If no outer adventure happens to you, then no inner adventure happens to you either. The part that you take over from the devil-joy; that is-leads you into adventure.
In this way you will find your lower as well as your upper limits. It is necessary for you to know your limits.
If you do not know them, you run into the artificial barriers of your imagination and the expectations of your fellow men.
But your life will not take kindly to being hemmed in by artificial barriers.
Life wants to jump over such barriers and you will fallout with yourself.
These barriers are not your real limits, but arbitrary limitations that do unnecessary violence to you. Therefore try to find your real limits.

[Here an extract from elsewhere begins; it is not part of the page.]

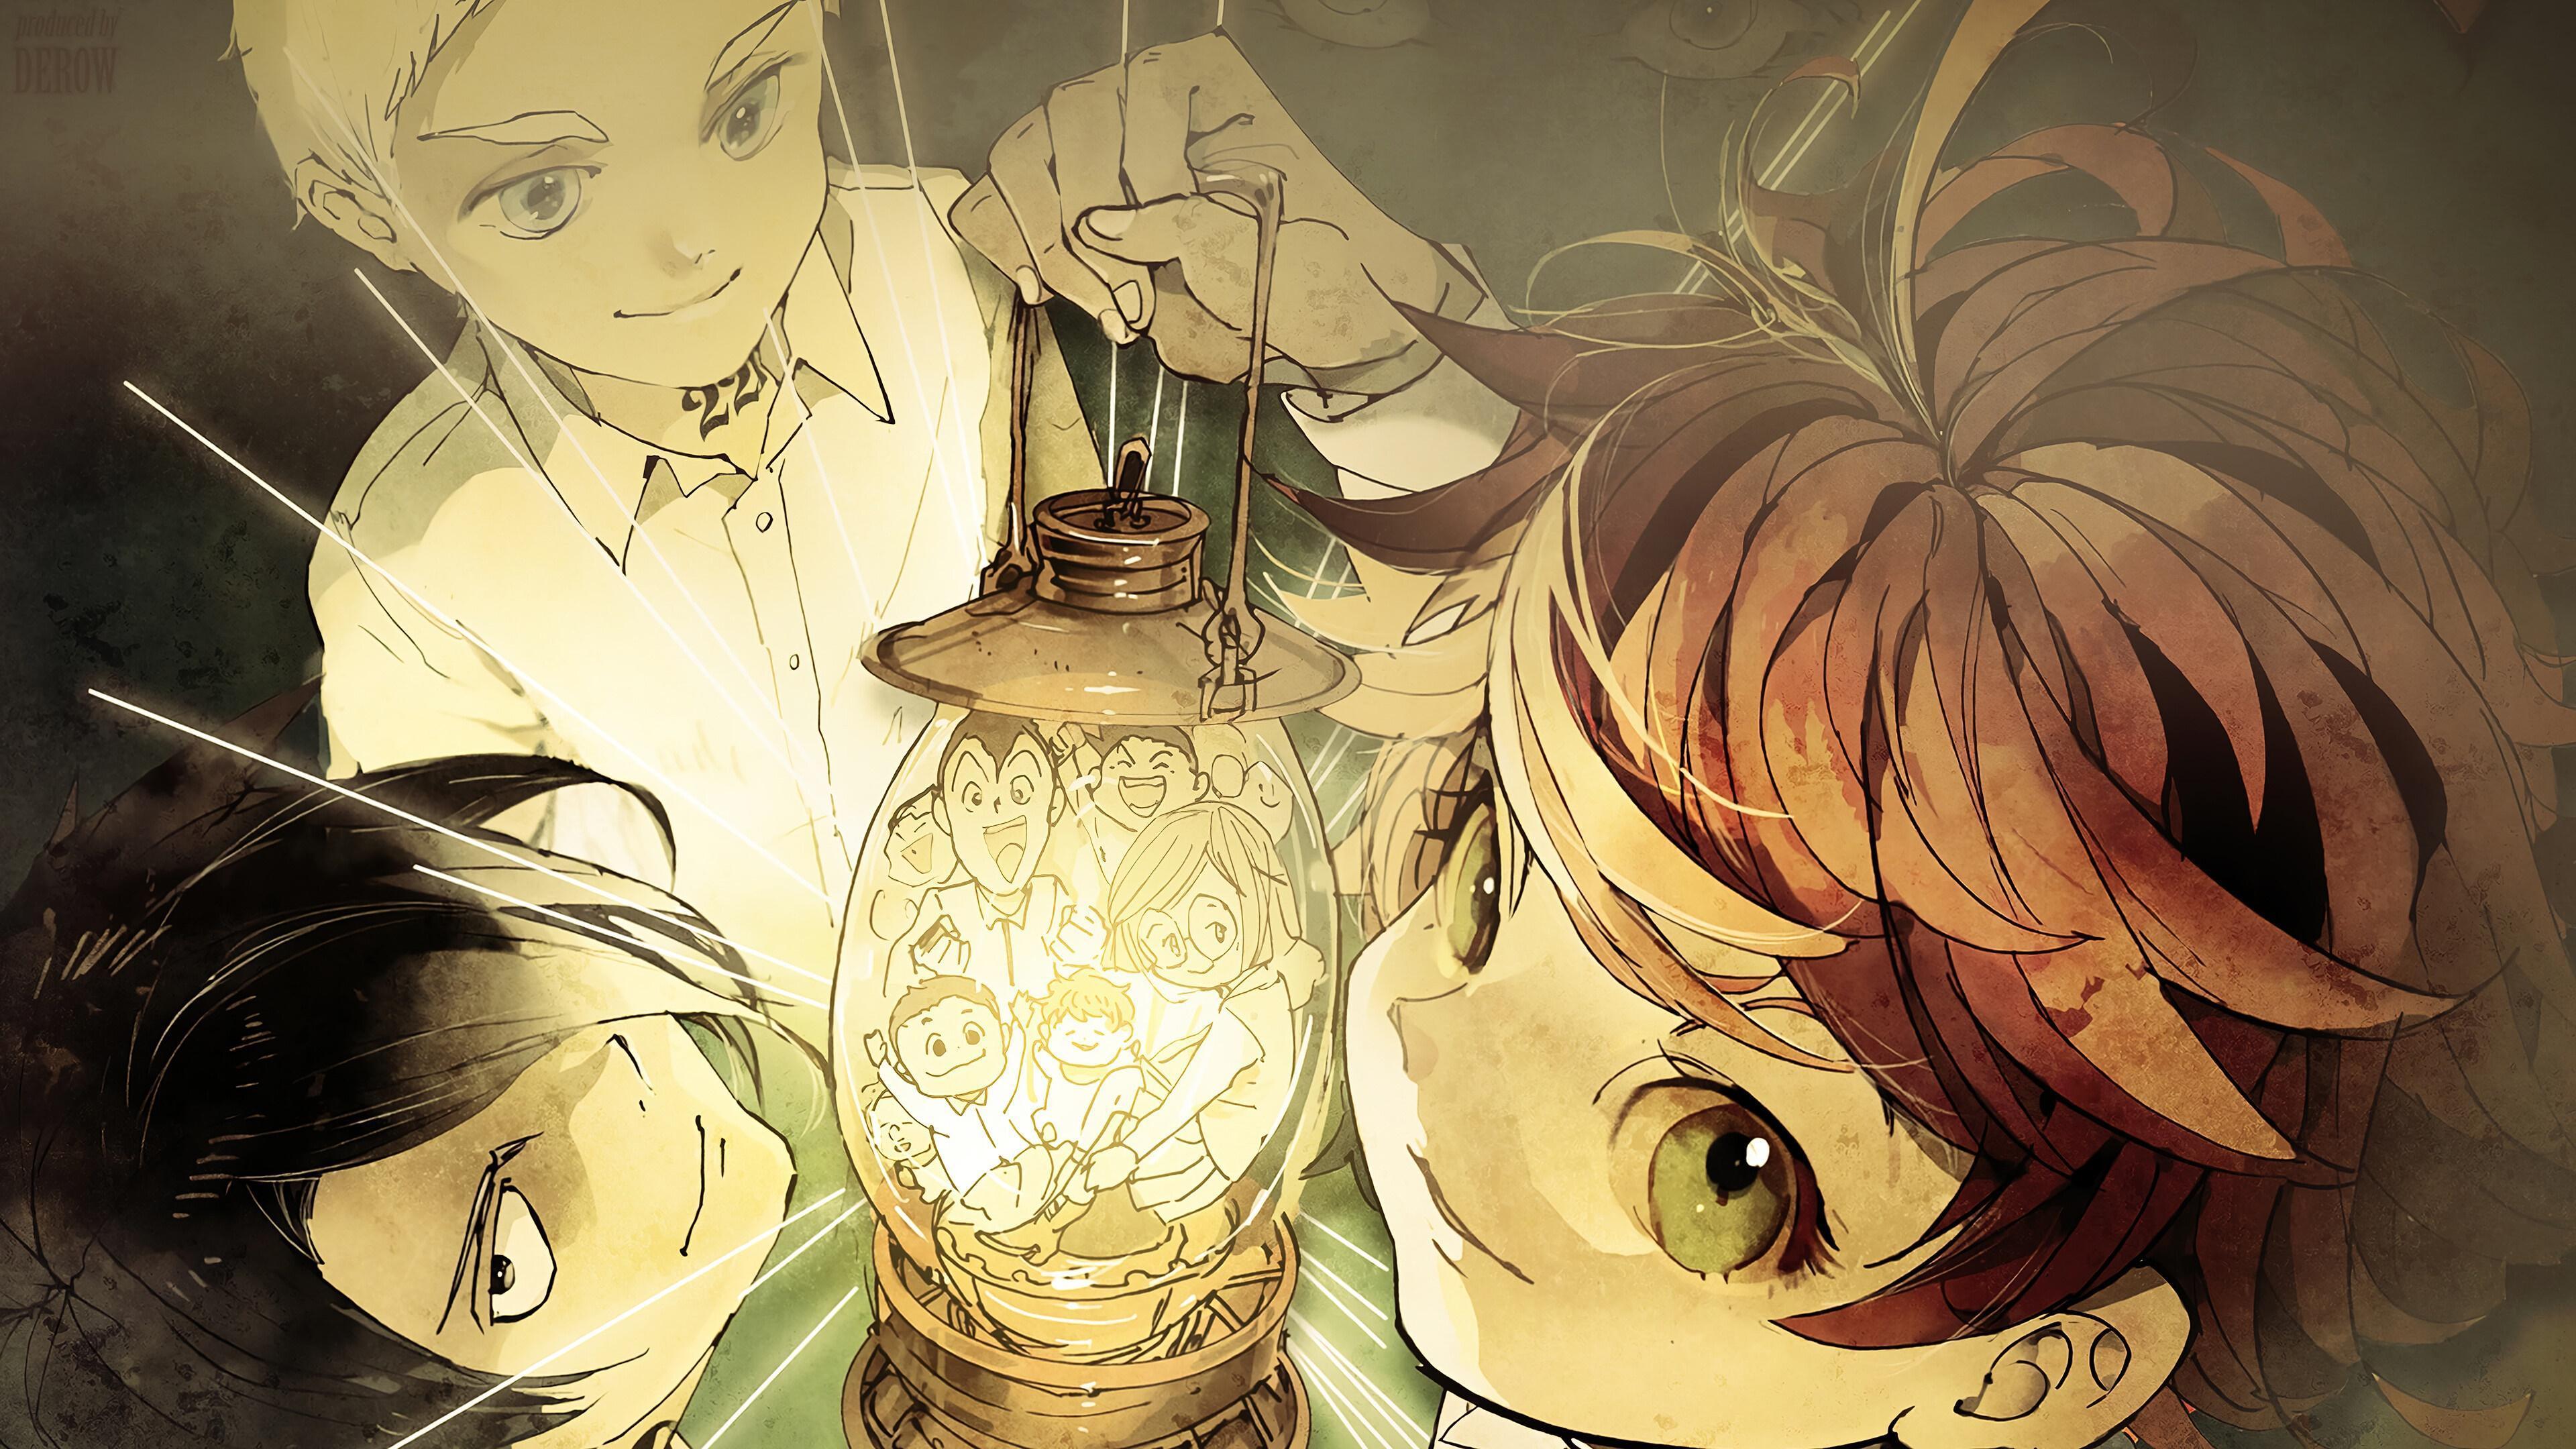 HD wallpaper, Hd, 4K, Emma, The Promised Neverland, Norman, Wallpaper, Ray

One never knows them in advance, but one sees and understands them only when one reaches them. And this happens to you only if you have balance.

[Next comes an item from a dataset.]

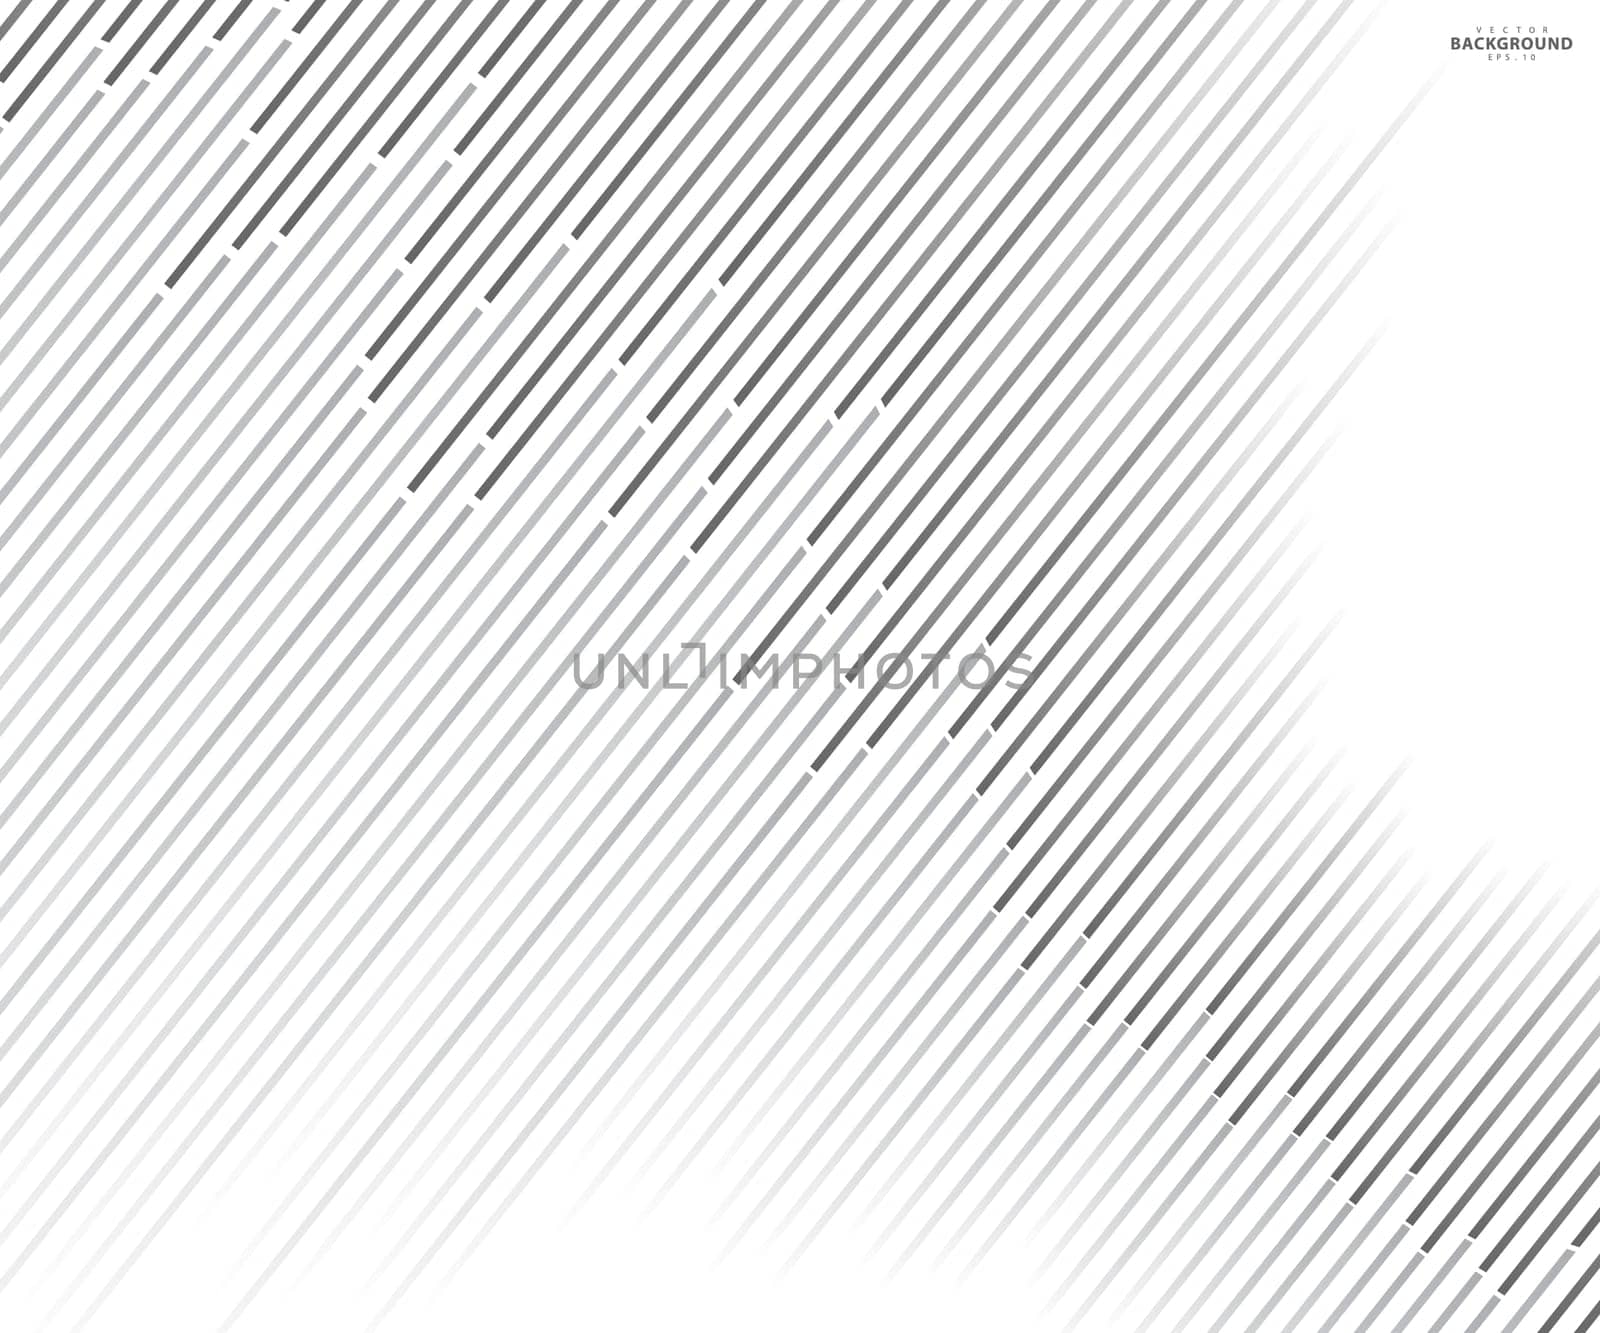 Abstract warped Diagonal Striped Background. Vector curved twisted slanting, waved lines texture. Brand new style for your business design. by Rodseng

Without balance you transgress your limits without noticing what has happened to you. You achieve balance, however, only if you nurture your opposite.
But that is hateful to you in your innermost core, because it is not heroic. ~Carl Jung, The Red Book, Page 263.
If you take a piece of joy from the devil and set off on adventures with it, you accept your pleasure.
But pleasure immediately attracts everything you desire, and then you must decide whether your pleasure spoils or enhances you.
If you are of the devil, you will grope in blind desire after the manifold, and it will lead you astray.
But if you remain with yourself as a man who is himself and not of the devil, then you will remember your humanity.
You will not behave toward women per se as a man, but as a human being, that is to say; as if you were of the same sex as her. You will recall your femininity.
It may seem to you then as if you were unmanly; stupid, and feminine so to speak.
But you must accept the ridiculous, otherwise you will suffer distress, and there will come a time, when you are least observant, when it will suddenly round on you and make you ridiculous.
It is bitter for the most masculine man to accept his femininity; since it appears ridiculous to him, powerless and tawdry. ~Carl Jung, The Red Book, Page 263.